— Requirement —
What is needed is an exact reproduction of the lines in the records below, starting at the line with "30 000 Pesos" and ending at the line with "Valentino Garavani Rockstud", both included, and nothing else; pictures stay out.

— Data in this exercise —
Start of Block

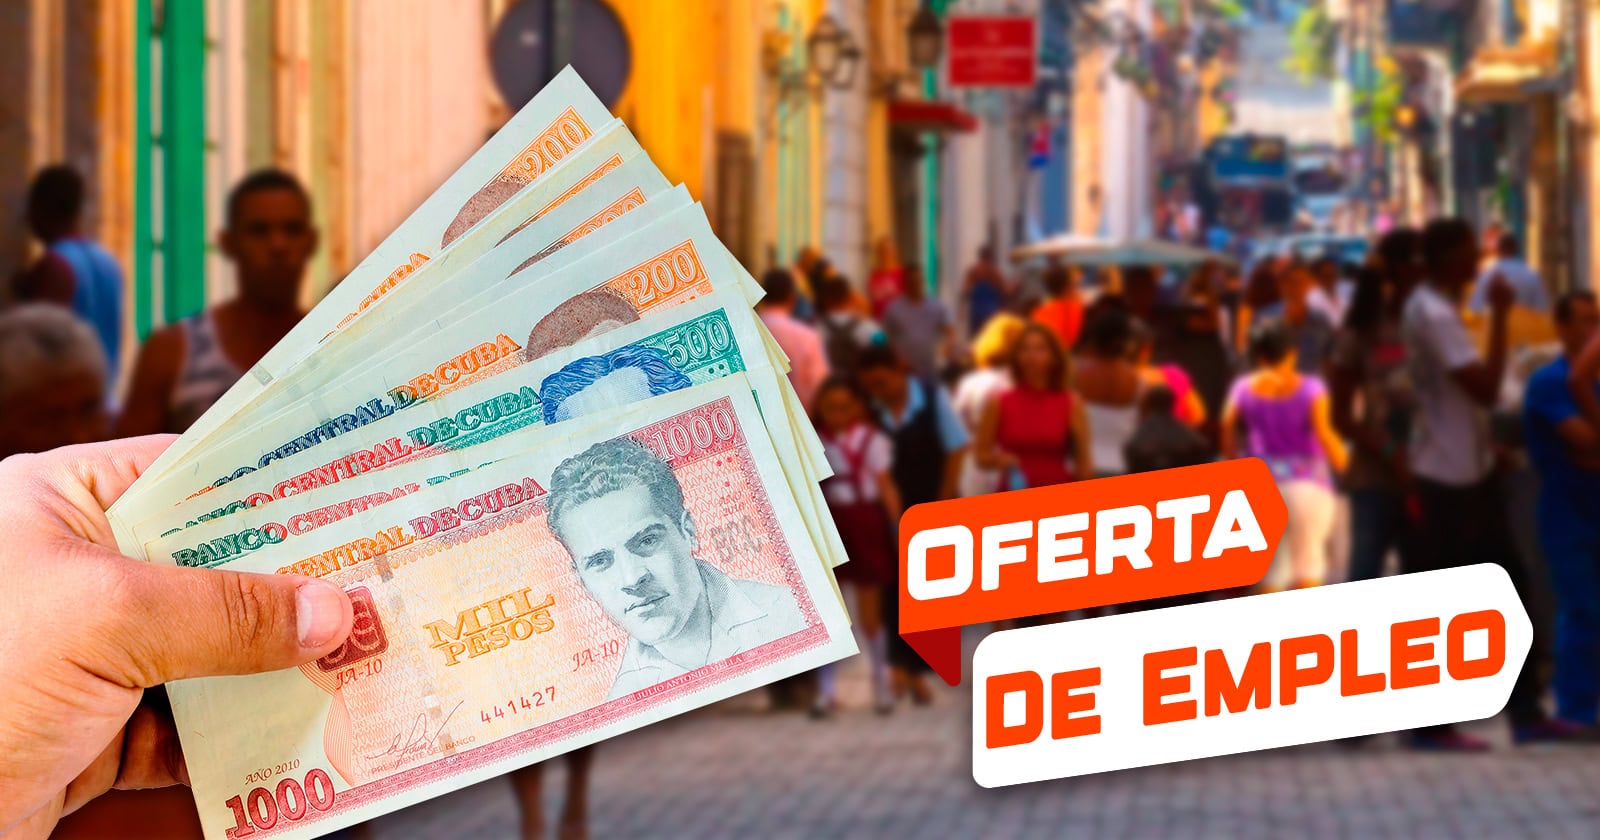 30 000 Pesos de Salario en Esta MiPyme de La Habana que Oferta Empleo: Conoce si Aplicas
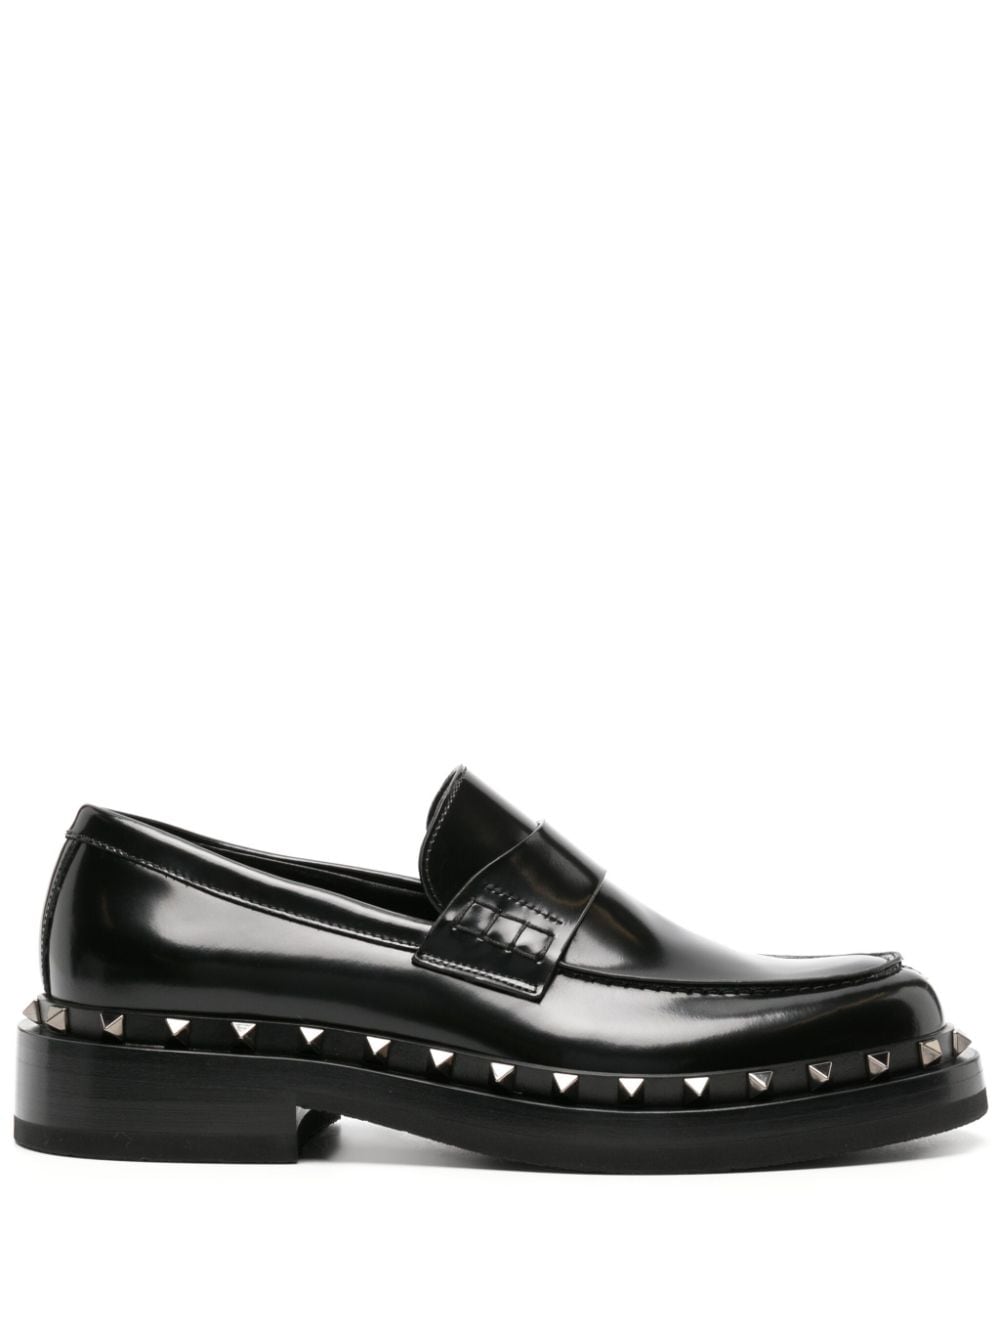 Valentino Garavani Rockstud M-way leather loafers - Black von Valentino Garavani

End of Block
Start of Block

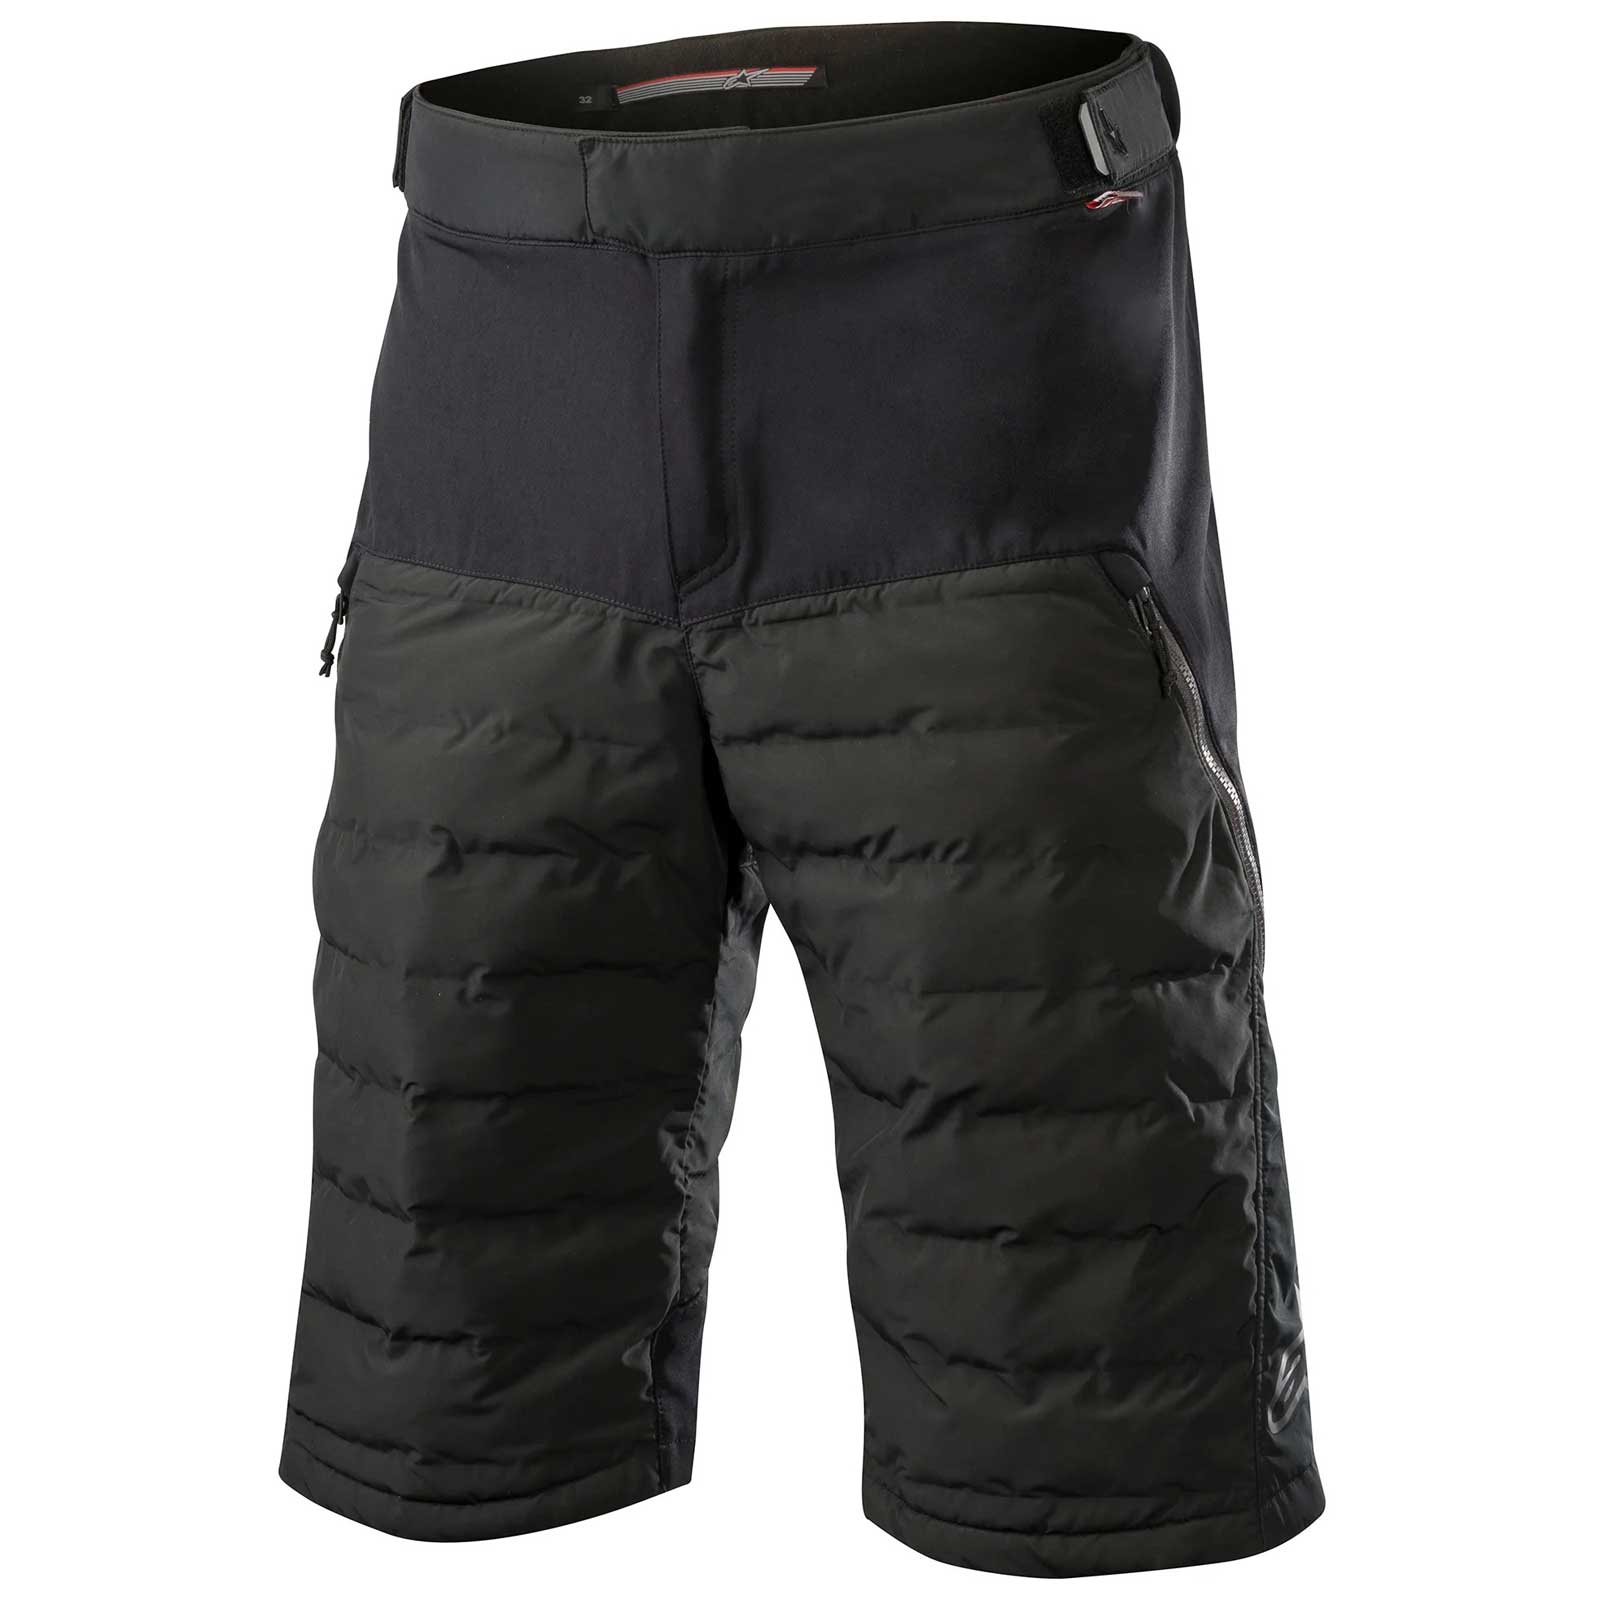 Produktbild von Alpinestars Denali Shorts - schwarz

End of Block

— Result —
 30 000 Pesos de Salario en Esta MiPyme de La Habana que Oferta Empleo: Conoce si Aplicas
 Valentino Garavani Rockstud M-way leather loafers - Black von Valentino Garavani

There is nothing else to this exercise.